[Instructions to follow] For this exercise, retype each line of the material below verbatim and omit any picture.

[Stored data]
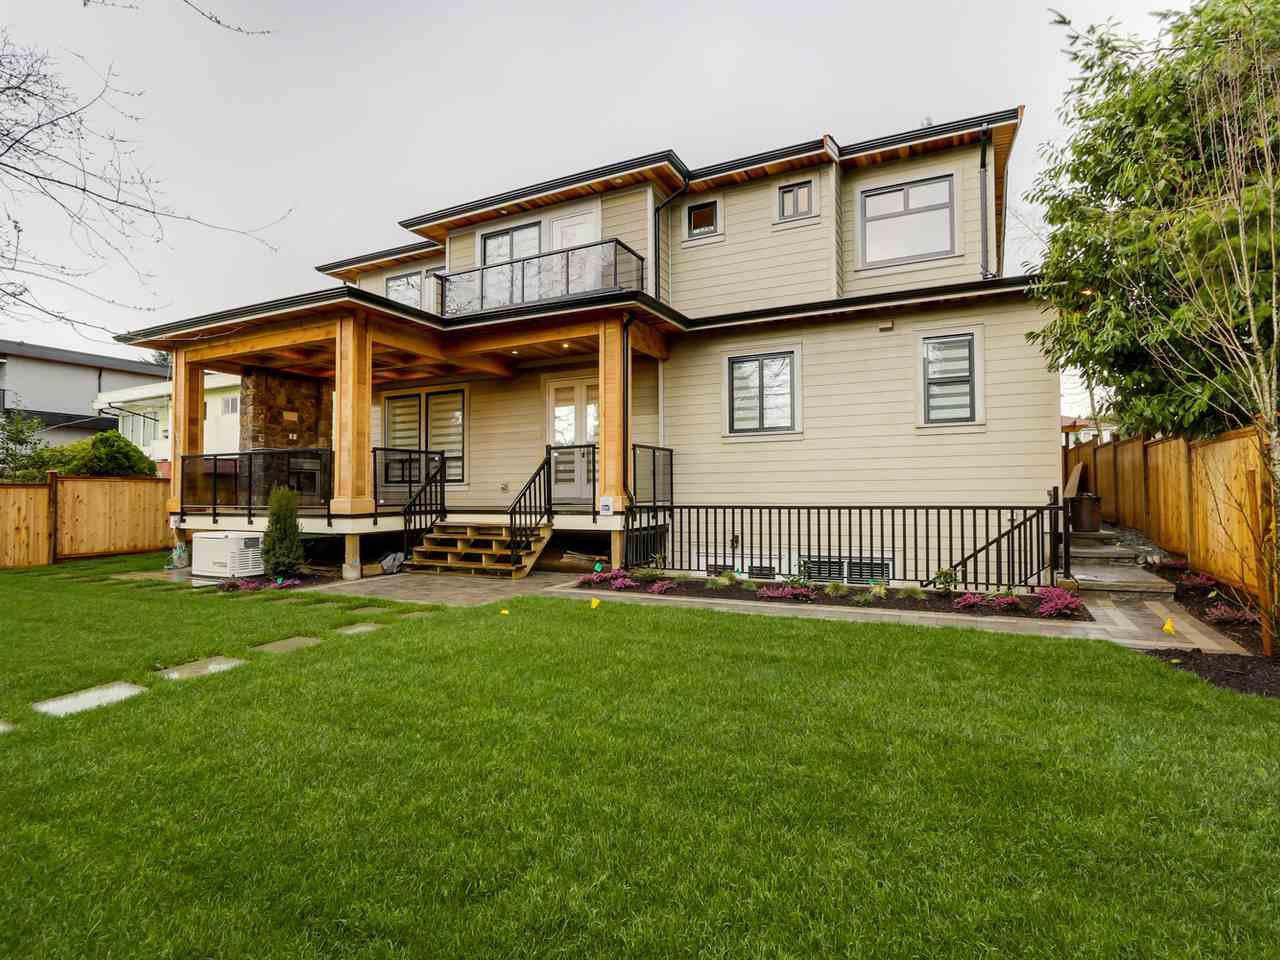 Photo 20: Photos: 1560 MAPLE Street: White Rock House for sale (South Surrey White Rock)  : MLS®# R2138926
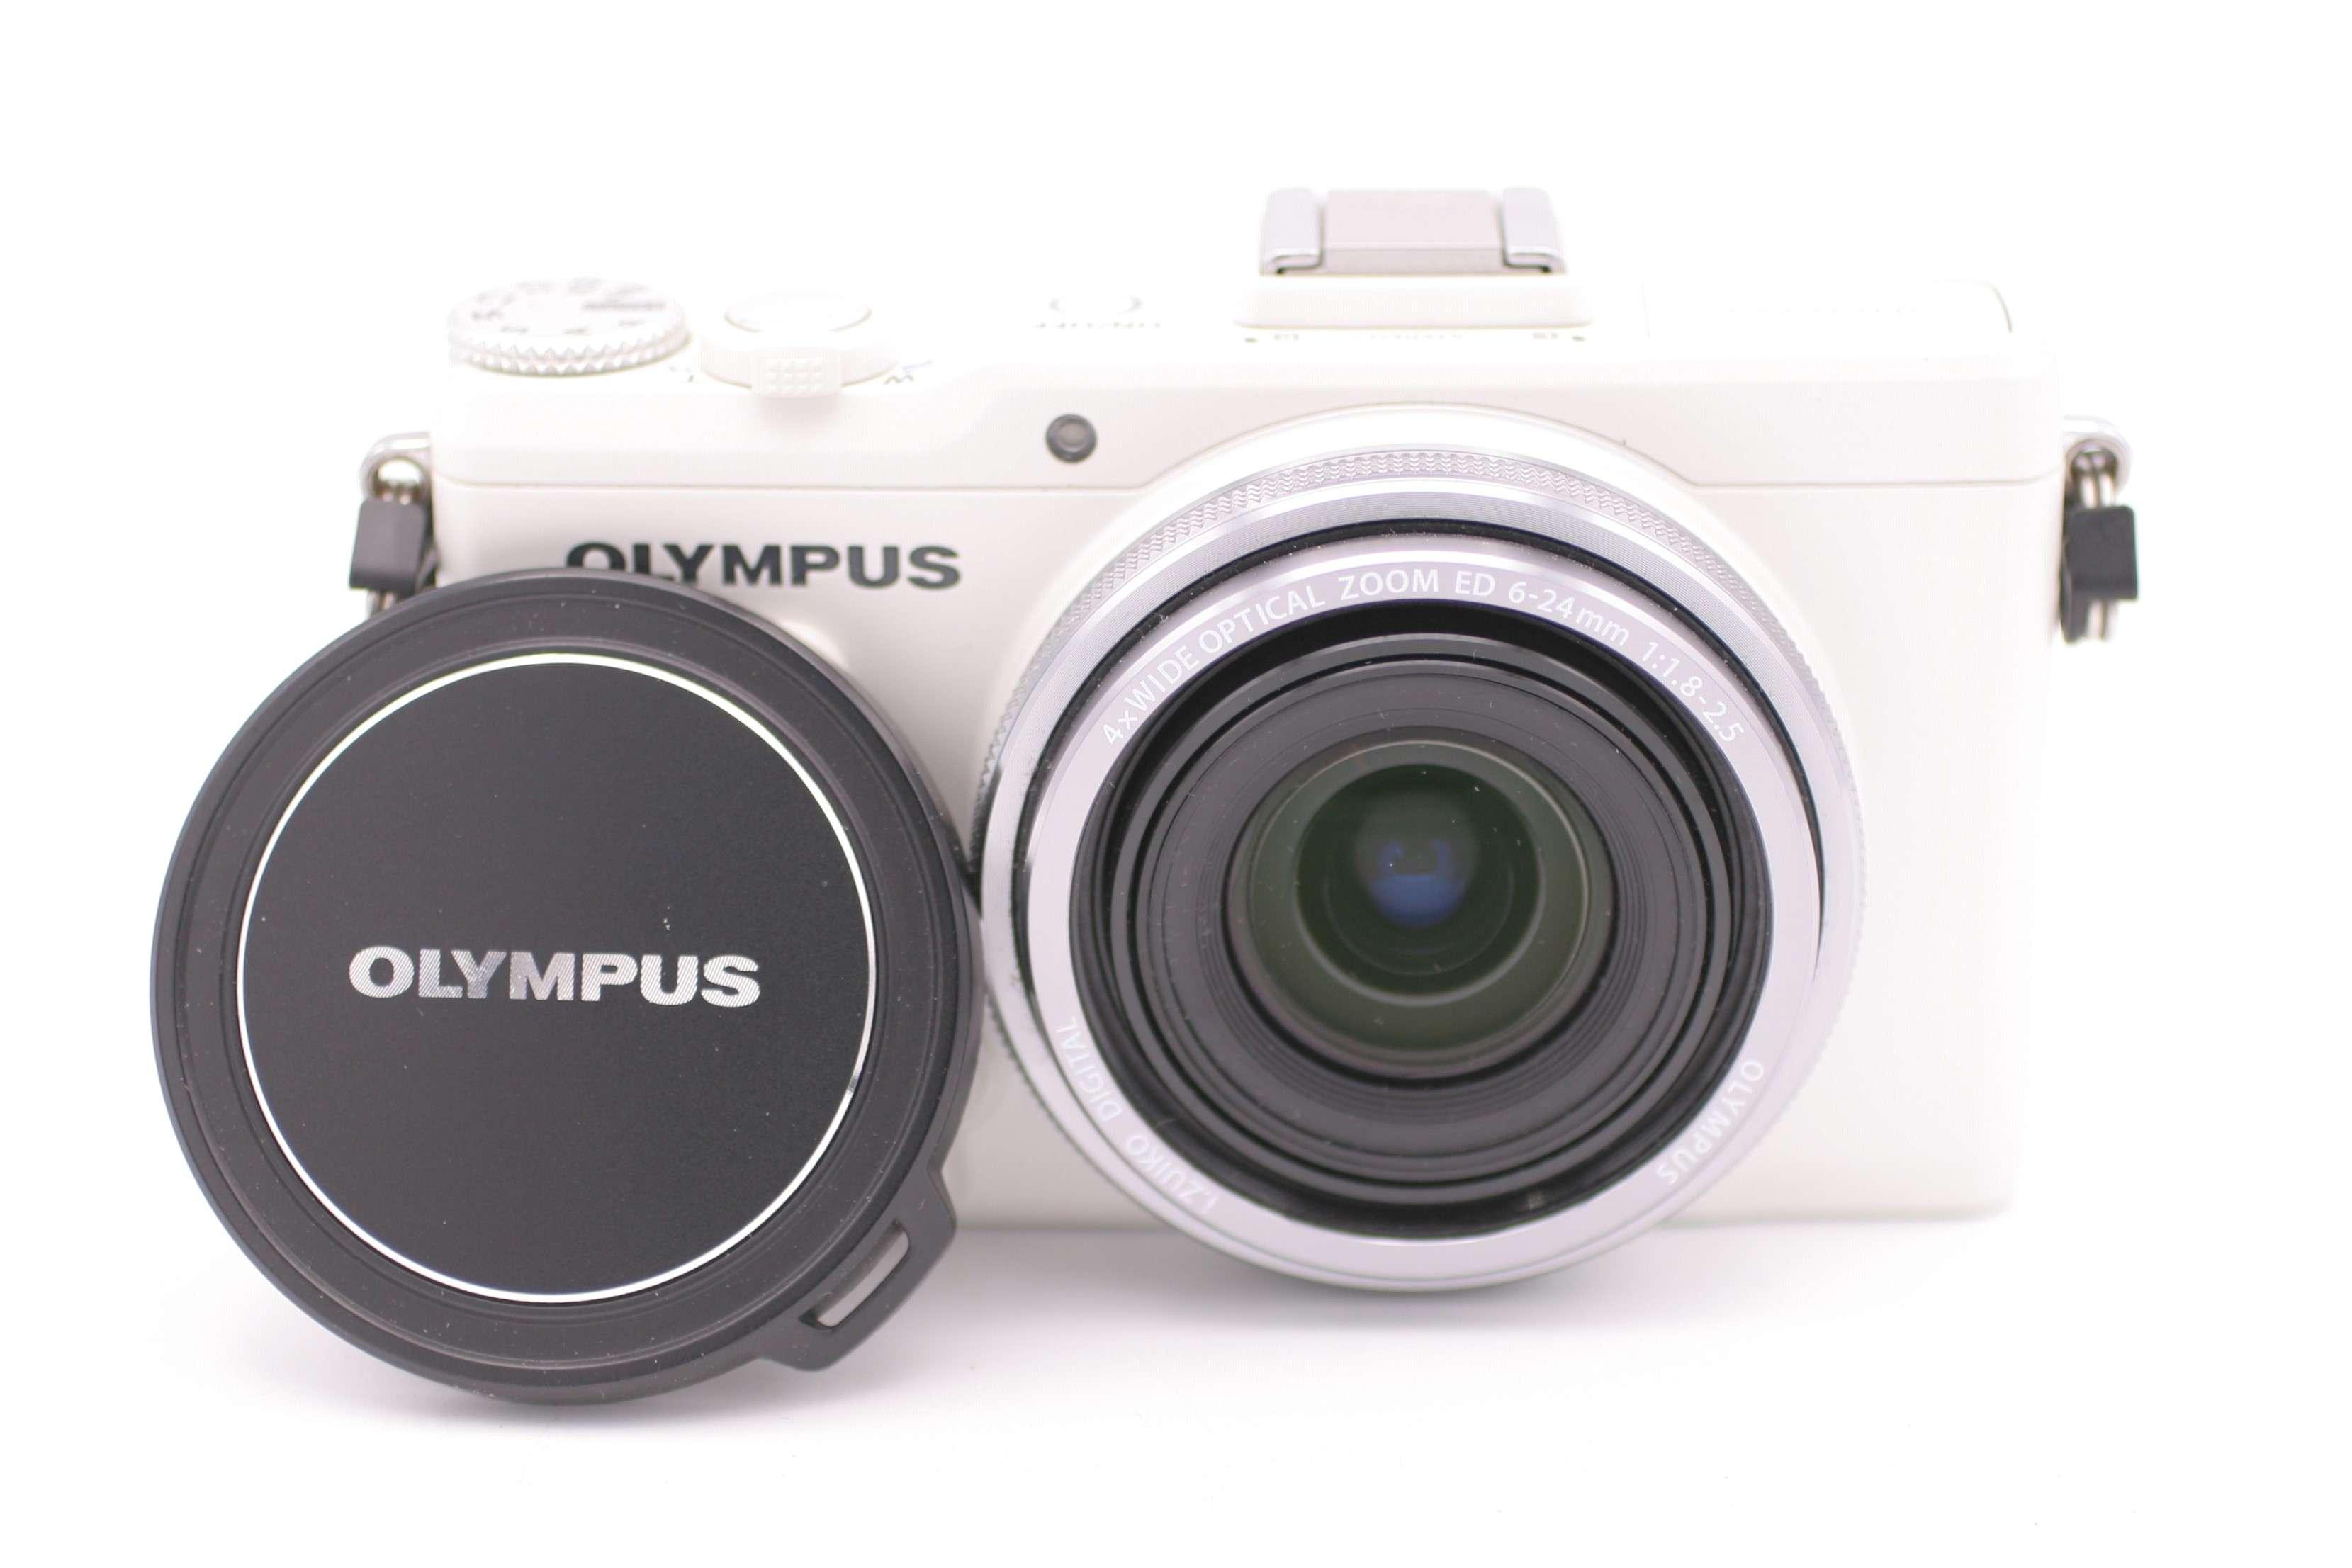 Olympus Xz 2 Manual Mzuiko Digital Ed 14 150mm F40 56 10 Review Array Stylus 12 0mp Camera White Ebay Rh Com
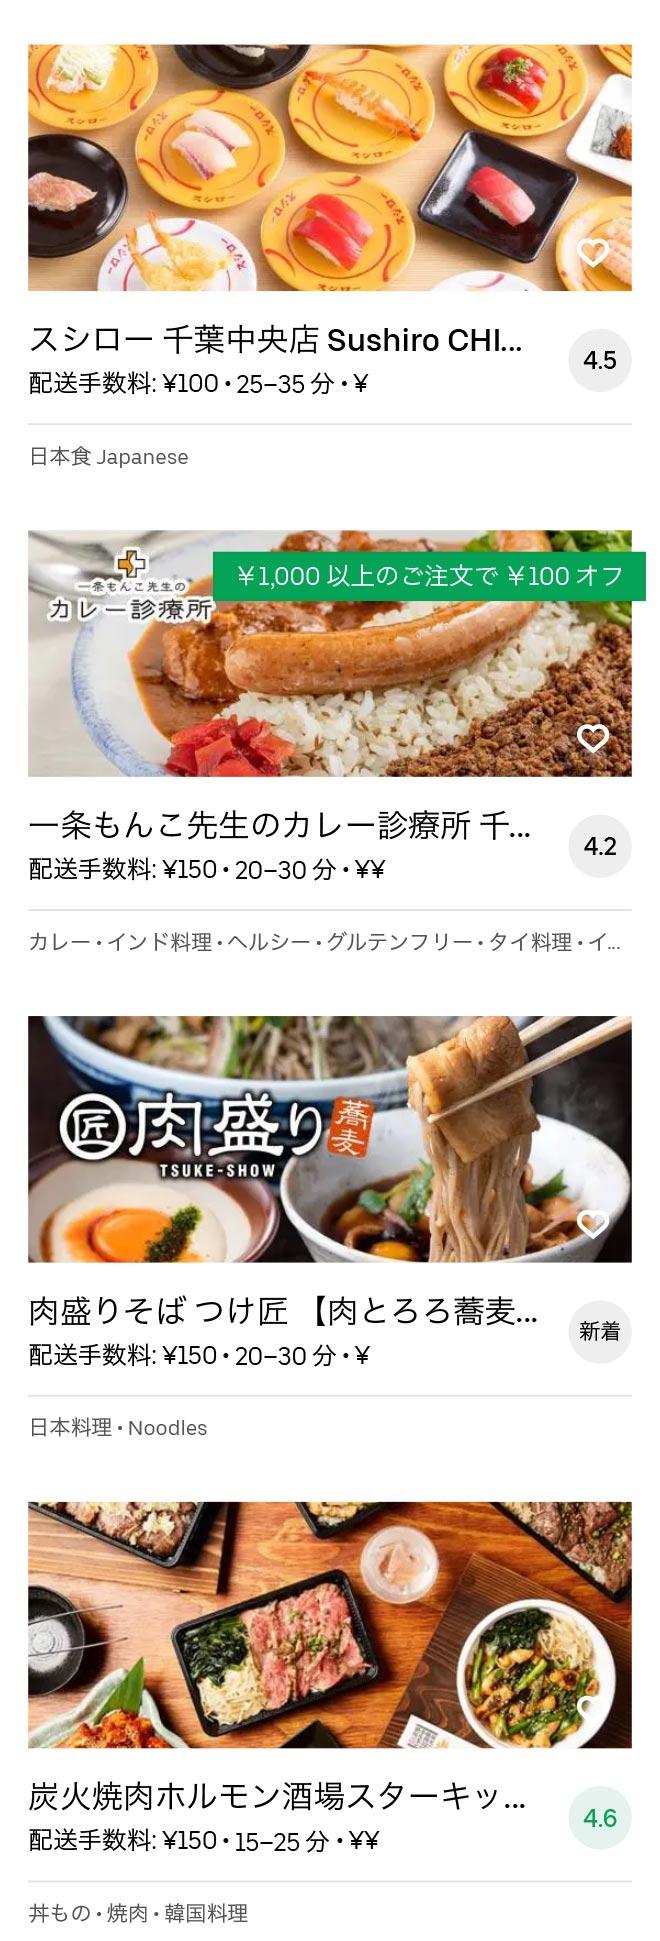 Chiba menu 2010 04

[Answer for the task]
 Photo 20: Photos: 1560 MAPLE Street: White Rock House for sale (South Surrey White Rock)  : MLS®# R2138926
 Olympus Xz 2 Manual Mzuiko Digital Ed 14 150mm F40 56 10 Review Array Stylus 12 0mp Camera White Ebay Rh Com
 Chiba menu 2010 04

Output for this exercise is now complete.